Finally, sauce the whole thing up with Charred Onion Chimichurri (don’t be afraid; it’s oil, cilantro, garlic, a splash of vinegar and some lovely seasonings), black bean vinaigrette (interesting, but get the chimichurri) or creamy herb dressing (boring; get the chimichurri).


Sattu'li Bowls


Remember those boba balls we mentioned earlier? Your Satu’li Bowl will be topped with them. Yes, you can eat them. Yes, they’re tasty, if startling. They pop like the jumbo caviar-imposters they are, and their insides are nothing fancier than a tiny dollop of yoghurt. In fact, they might rightly be considered the food icon of Pandora, because you’re going to encounter them in several places (more on that shortly).

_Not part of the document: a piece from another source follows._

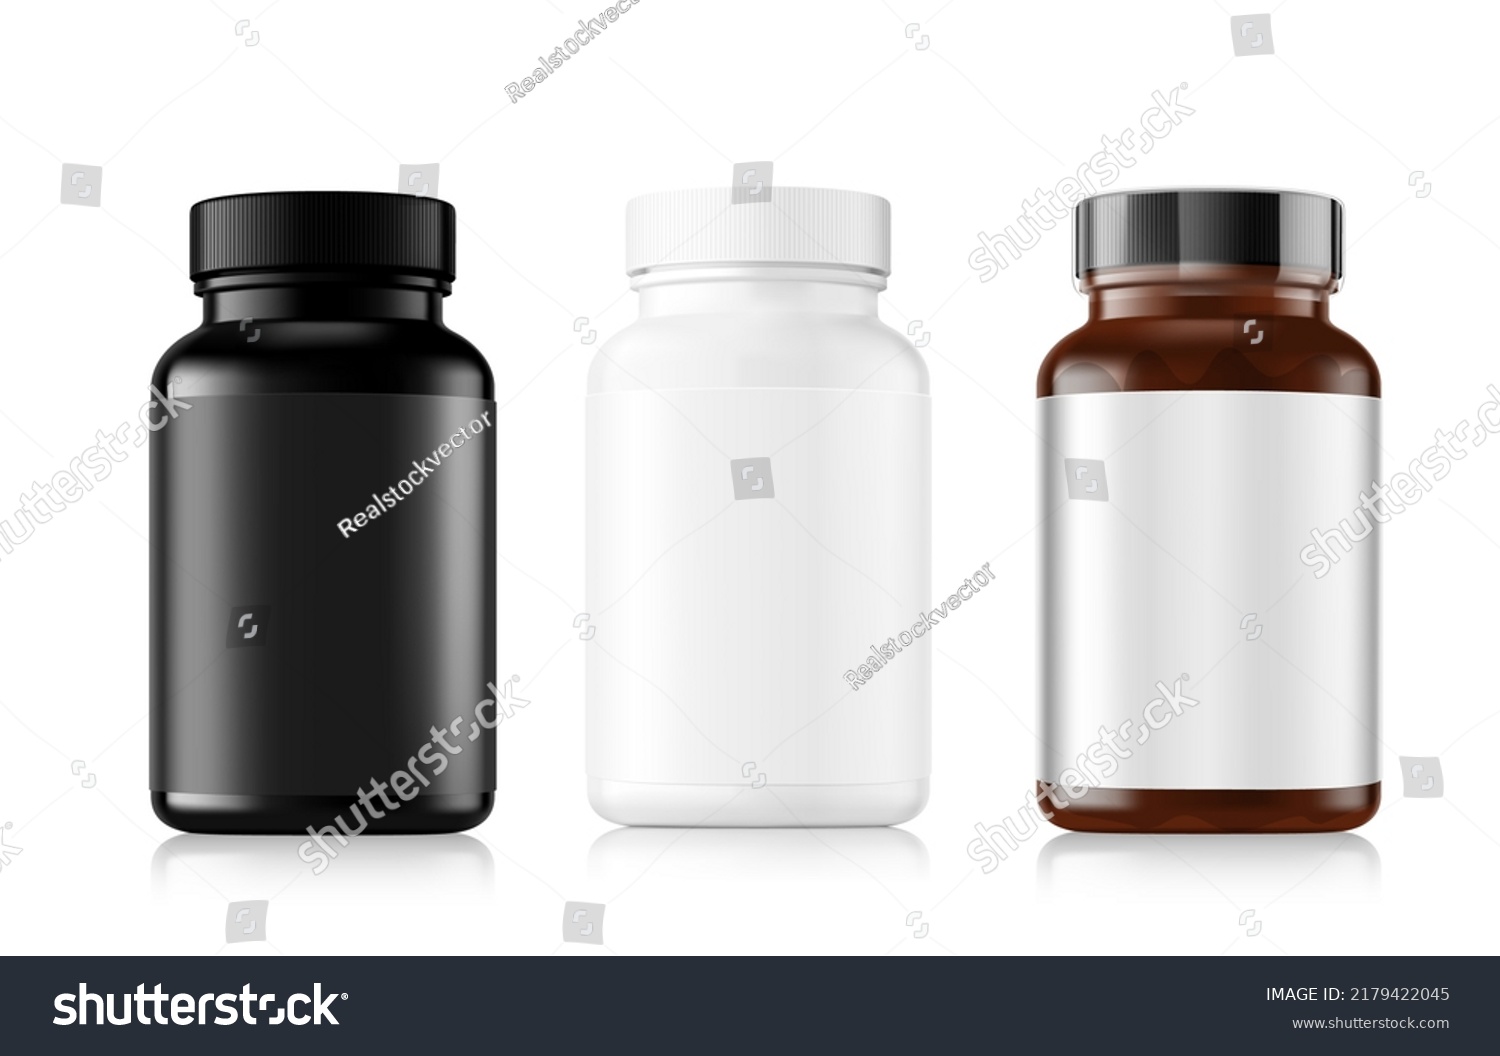 SVG of Black, white and amber bottles mockup isolated on white background. Can be used for medical, cosmetic, food. Vector illustration. EPS10.	 svg

The second most popular dish at Satu’li is the aforementioned Steamed Pod. At some point in their history the Na’vi must have visited China, because these little bundles of soft breadiness are better known in Earth terms as bao buns. And like many cultures that bring back good memories of some dish they tried during their travels, the Na’vi’s bao buns bear a resemblance to their Asian roots, but…well…only just.


Steamed Pod


There are two types of steamed pods. One is filled with vegetable curry, which is actually quite nice, if a bit heavy on the curry. The other is filled with ‘cheeseburger’, a sad and unpleasant mixture of chopped-up mince, cheese, ketchup, mustard and pickles that would be lovely on a taco salad but is just plain wrong in steamed bread. You shouldn’t fear them, but we’re not going to say you should buy them, either.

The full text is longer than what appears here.